Die Auswertung fand über das Programm Gen5 2.0 sowie über Microsoft Excel statt. Von jedem Messwert bei 450 nm und bei 630 nm wurde ein korrigierter Messwert erstellt, indem der durchschnittliche Referenzmesswert subtrahiert wurde. Dafür wurde für jede Palmitatkonzentration aus den dazugehörigen drei Leerwertmessungen mit derselben Palmitatkonzentration ein Mittelwert für die Wellenlängen 450 nm und 630 nm errechnet.

Diese gemittelten Hintergrund-Absorptionen wurden von den Messwerten der Zellproben bei 450 nm und bei 630 nm abgezogen. Von dem korrigierten Messwert bei 450 nm wurde der korrigierte Messwert bei 630 nm als Absorptionsreferenz subtrahiert. Aus diesen errechneten Werten bei 450 nm abzüglich der Absorptionsreferenz verrechnet mit der Hintergrund-Absorption wurde aus jedem Versuchsansatz (n = 5 pro Konzentration) ein Mittelwert errechnet. Die weitere Auswertung sowie Visualisierung der Daten wurde mit GraphPad Prism 7.0 umgesetzt.

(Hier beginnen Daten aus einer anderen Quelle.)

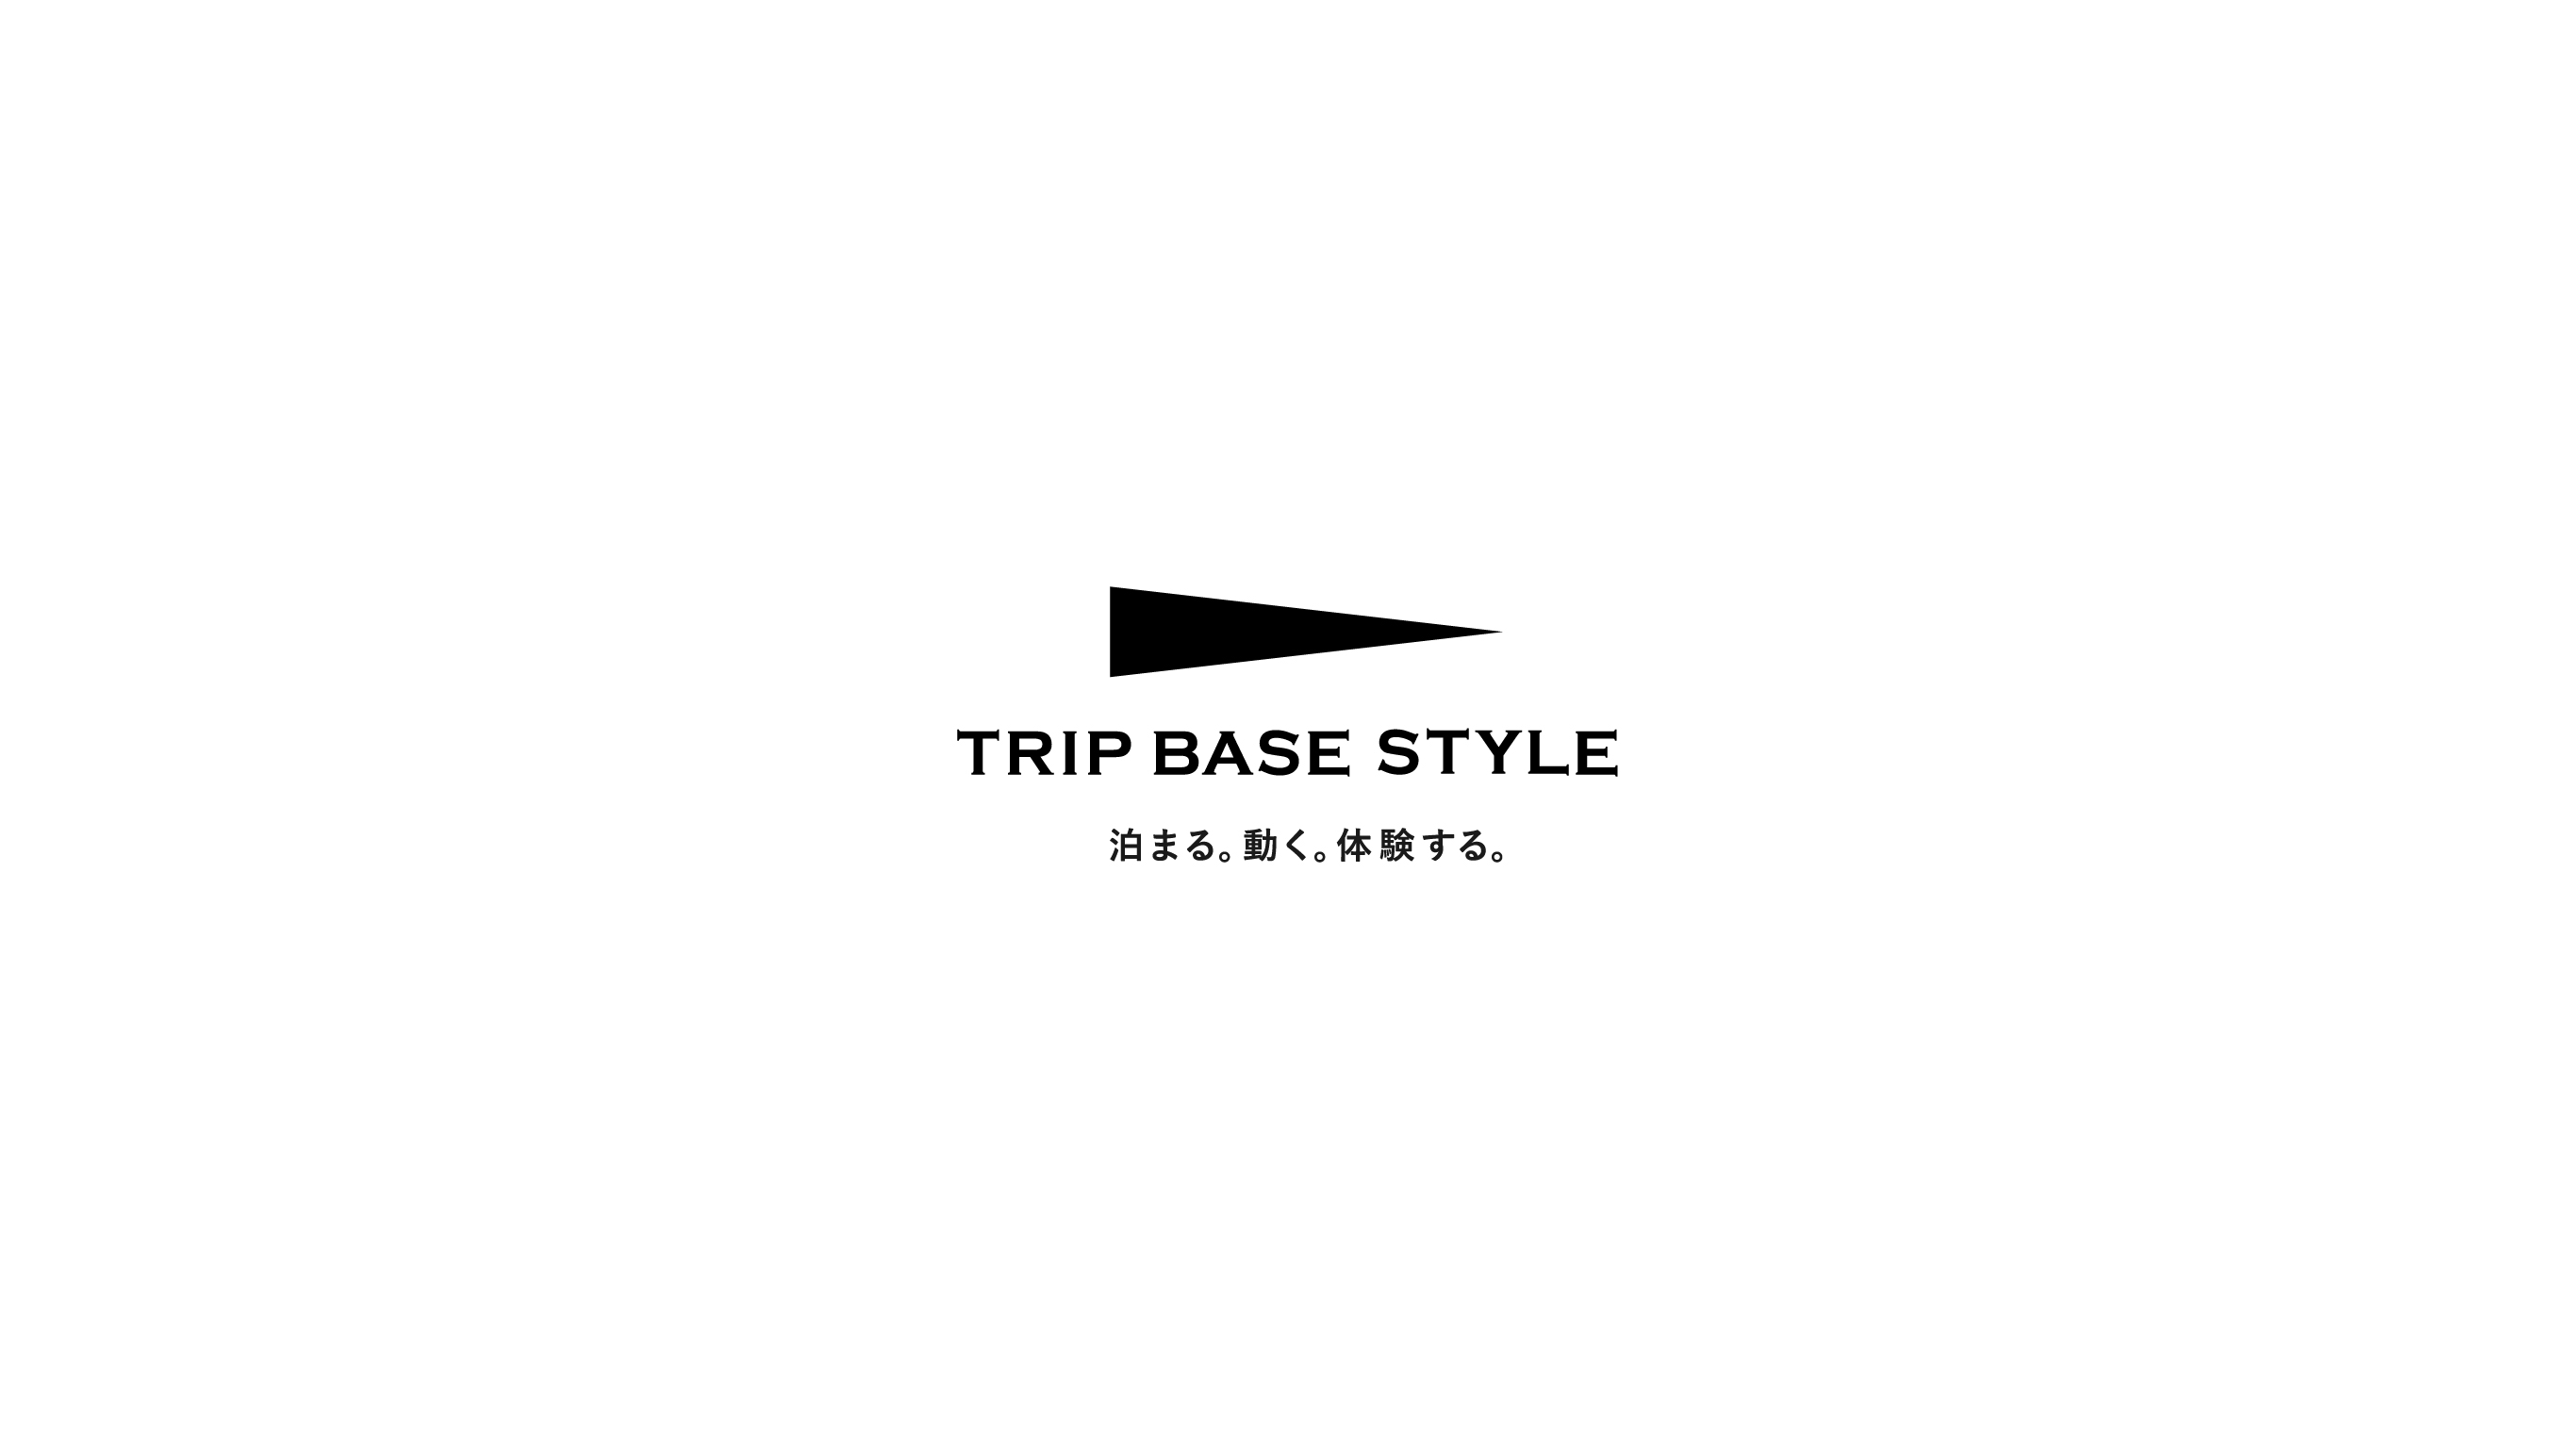 TripBaseStyle

25 2.6.3 Analyse der Bmal1::Luc-Oszillationen

Für die Analyse der Versuchsreihen mit einem LumiCycle wurde der betrachtete Messzeitraum beginnend 12 Stunden nach Beginn der Messung genutzt, um anfängliche Temperatur-, Behandlungs- und Lichtartefakte durch die Behandlung zu verringern. Die Rohdaten wurden in Zählungen pro Sekunde (counts per second = CPS) erfasst. Für die Auswertung der Zeitreihen wurden die Probenansätze genutzt, die unbehandelt eine Periode zwischen 22 und 26 Stunden hatten und deren Modellanpassung mit einer gedämpften Sinuskurve einen „goodness of fit“ größer als 80 % hatte. Diese Parameter wurden mit dem Programm LumiCycle Analysis 2.40 bestimmt. Mit Hilfe desselben Programms wurden Datenreihen erstellt, die über den laufenden 24-Stunden-Durchschnitt normalisiert wurden. Die weitere statistische Auswertung sowie die grafische Darstellung erfolgten mit den normalisierten Daten der Versuche des Luminometers unter Verwendung der Programme Microsoft Excel, JTK_Cycle 3.1, GraphPad Prism 7.0 und den Statistikpaketen von R 3.5 (s. 2.6.5).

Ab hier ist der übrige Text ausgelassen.